Ellen G. Fine of Fine Design
Ellen G. Fine, who after a successful career at Bloomingdale’s developed nine home furnishings and women’s clothing stores called Fine Design, one of which was on Newtown Lane in East Hampton, died unexpectedly of an aortic dissection on June 7 at her Manhattan office. A resident of Manhattan and East Hampton, she was 70 years old.
Ms. Fine began at Bloomingdale’s in New York City as a furniture buyer in 1973 and rose to become a regional manager. She started Fine Design on a pushcart at Manhattan’s South Street Seaport in 1986, selling hand-knit and cotton sweaters. With help from contacts at Bloomingdale’s, she expanded her business and soon opened her first shop in the Chelsea neighborhood. Her Newtown Lane shop was her third and her favorite, Elizabeth Fine of New York City, a daughter, said.
“She used to have this big summer sale in August, and people would line up around the block,” Elizabeth Fine recalled. “She was Ralph Lauren before there was Ralph Lauren. She loved keeping her store open year round and decorating it for Christmas.
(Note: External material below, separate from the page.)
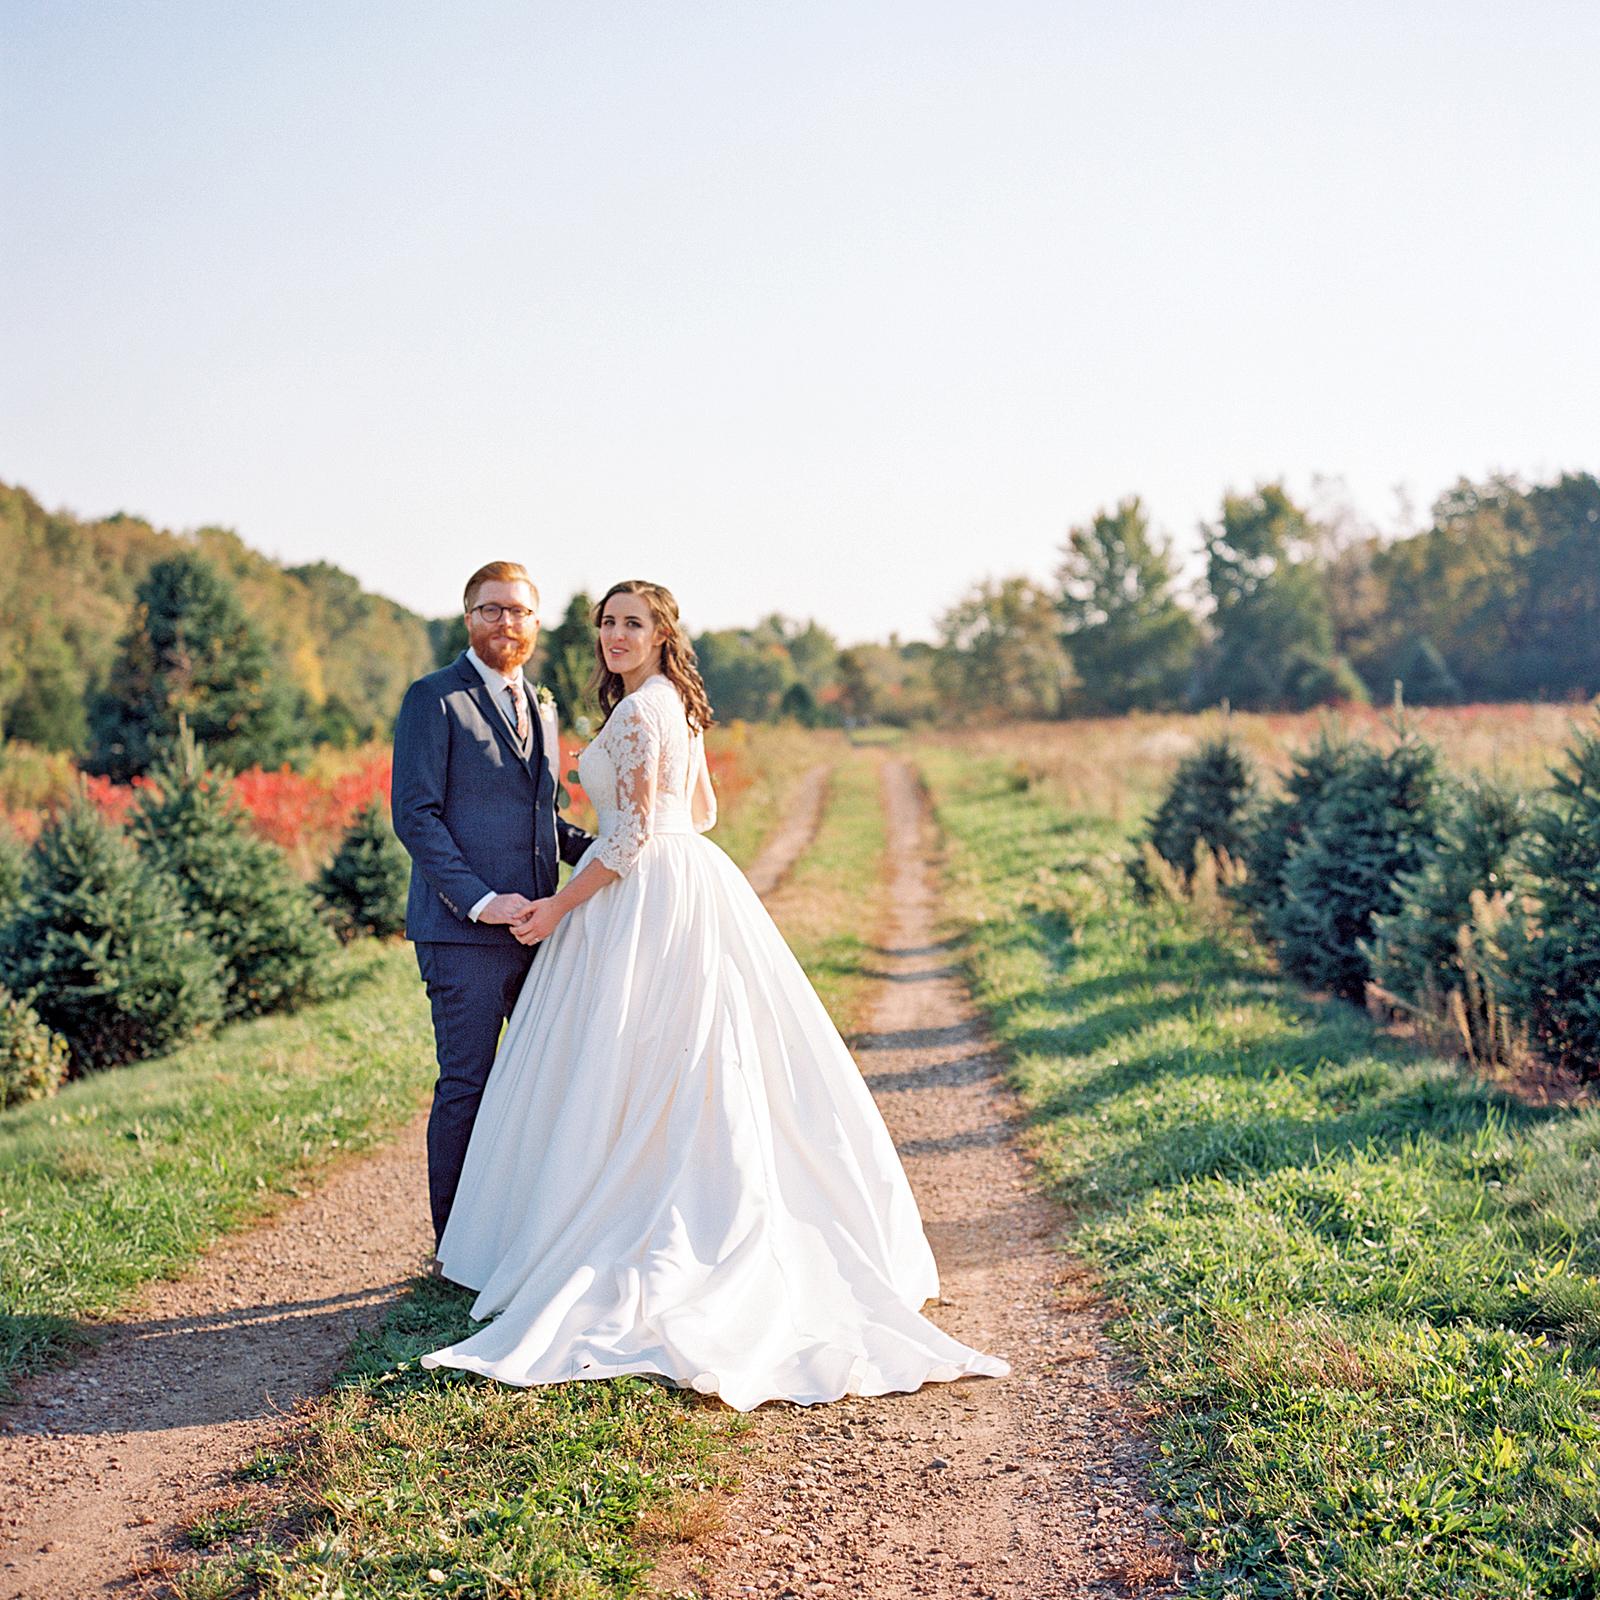 rachel elijah wedding couple pose

It was important for her to be seen as a local business.”
Fine Design had stores in Boston, Pittsburgh, Baltimore, and Washington, D.C., before they closed in 1993 as the economy slowed. Ms. Fine later became a financial adviser with Janney Montgomery Scott, where she was a vice president of investments at the time of her death. Elizabeth Fine said her mother “was breaking glass ceilings before it was popular.”
She was born on July 12, 1945, in Pittsburgh to John C.S. Ginder and the former Jean Buttermore. She grew up in Youngstown, Ohio, and attended Cardinal Mooney High School there, graduating in 1963. She moved to Boston in 1965 after visiting friends in Provincetown and taking a liking to Massachusetts. She later moved to New York City and, in 1982, received a bachelor’s degree from Marymount Manhattan College.
A brief first marriage ended in divorce. She and Sidney L. Weinberg, who had met through her position at Bloomingdale’s, were married in 1979. Friends soon introduced them to the East End, where they became frequent visitors, and they bought a house in Northwest Woods about 30 years ago. Mr. Weinberg died in 2004.
Ms. Fine loved gardening, going to restaurants, art exhibitions, and to the beach, even in winter. She enjoyed entertaining and staged an annual clambake. She also enjoyed painting, spending time each summer at the Art Barge in Napeague. Her work included landscapes, houses, and flowers, among other subjects.
In addition to her daughter Elizabeth, Andrew Fine, a son, and Jean Weinberg, her youngest daughter, both of whom live in New York City, survive, as do six grandchildren. She also is survived by four siblings, Mary Ginder of Colorado, Richard Ginder of Florida, Don Ginder of North Carolina, and John Ginder of North Carolina.
A member of St. Jean the Baptiste Catholic Church in New York City, she was buried on June 11 at Most Holy Trinity Cemetery in East Hampton. Her family said she would be remembered as a “beloved matriarch, tenacious businesswoman, cherished friend, mother, sister, and aunt.”